How to prove the relationship between subsidiary and head office? 、

Prove that the relationship between the subsidiary and the head office is as follows:

1. Look at the company name: According to the Regulations on the Administration of Enterprise Name Registration, subsidiaries should add the name of "XX Head Office" or "XX Group Company" before their own names;

2. Look at the company's financial statements: subsidiaries are managed by the head office, major operations must be reported to the head office for approval and decision, and operating results and financial statements must be included in the preparation of the head office;

3. Look at the company's articles of association: the company's articles of association are the core confidential documents of the company, and the company structure is clear at a glance.

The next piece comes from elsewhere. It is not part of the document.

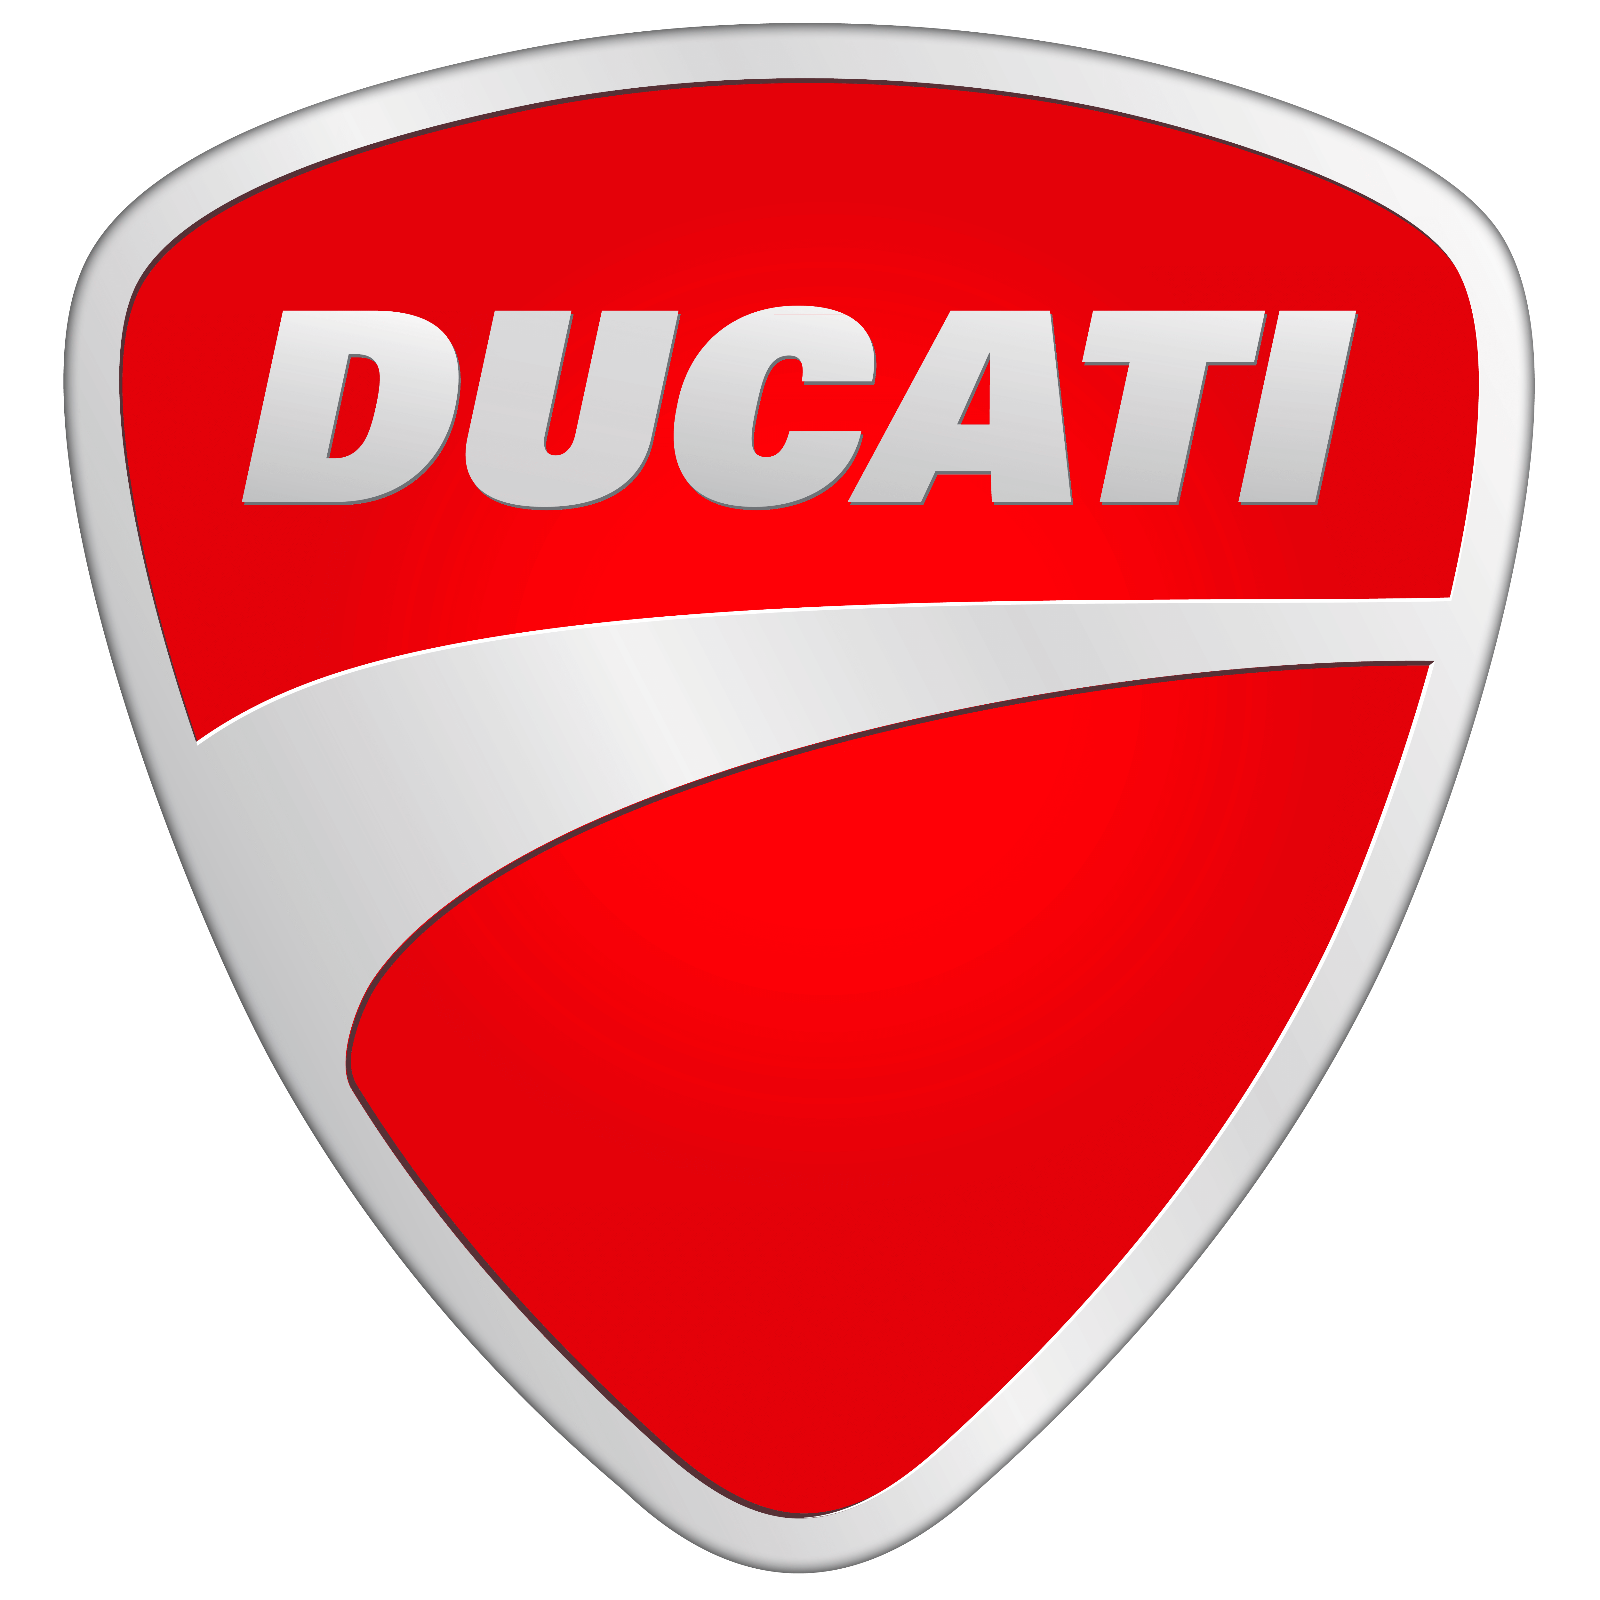 Ducati Ducatiana Short-sleeved T-shirt-Red

The businesses of many large enterprises are distributed all over the country and even in many countries, and the branches or subsidiaries established by the company directly engage in these businesses. These branches or subsidiaries are called branches. The company itself is called the head office or company. Although the relationship between the branch and the head office is somewhat similar to that between the subsidiary and the parent company. However, the legal status of a branch company is completely different from that of a subsidiary company, and it has no independent legal status. A branch is a branch or subsidiary directly engaged in business activities of the head office. Although a branch has the word company, it is not a real company. Because the company does not have the qualification of an enterprise legal person, does not have an independent legal status, and does not bear civil liability independently. The characteristics of this branch are as follows:

1. The branch does not have its own independent property, but the property actually occupied and used is part of the property of the head office and listed in the balance sheet of the head office;

2. The branch does not bear civil liability independently;

3. The branch is not a company, and its establishment does not need to follow the company's establishment procedures, as long as it performs simple registration and industrial and commercial procedures;

4. The branch does not have its own articles of association, and there is no corporate business decision-making and business execution organization in the form of a board of directors;

5. The name of the branch, just add the word branch after the name of the head office.

legal ground

Article 14 of the Company Law of People's Republic of China (PRC) * * A company may set up branches. The establishment of a branch company shall apply to the company registration authority for registration and obtain a business license. A branch company does not have legal person status, and its civil liability shall be borne by the company. A company may set up subsidiaries, which have legal personality and independently bear civil liabilities according to law. Article 16 The company's investment in other enterprises or providing guarantee for others shall be decided by the board of directors or shareholders' meeting in accordance with the provisions of the company's articles of association; Where the articles of association stipulate limits on the total amount of investment or guarantee and the amount of individual investment or guarantee, it shall not exceed the prescribed limits. Where a company provides a guarantee for the company's shareholders or actual controllers, it must be resolved by the shareholders' meeting or the shareholders' meeting. Shareholders specified in the preceding paragraph or shareholders controlled by actual controllers specified in the preceding paragraph shall not participate in voting on matters specified in the preceding paragraph. The voting shall be passed by more than half of the voting rights held by other shareholders present at the meeting.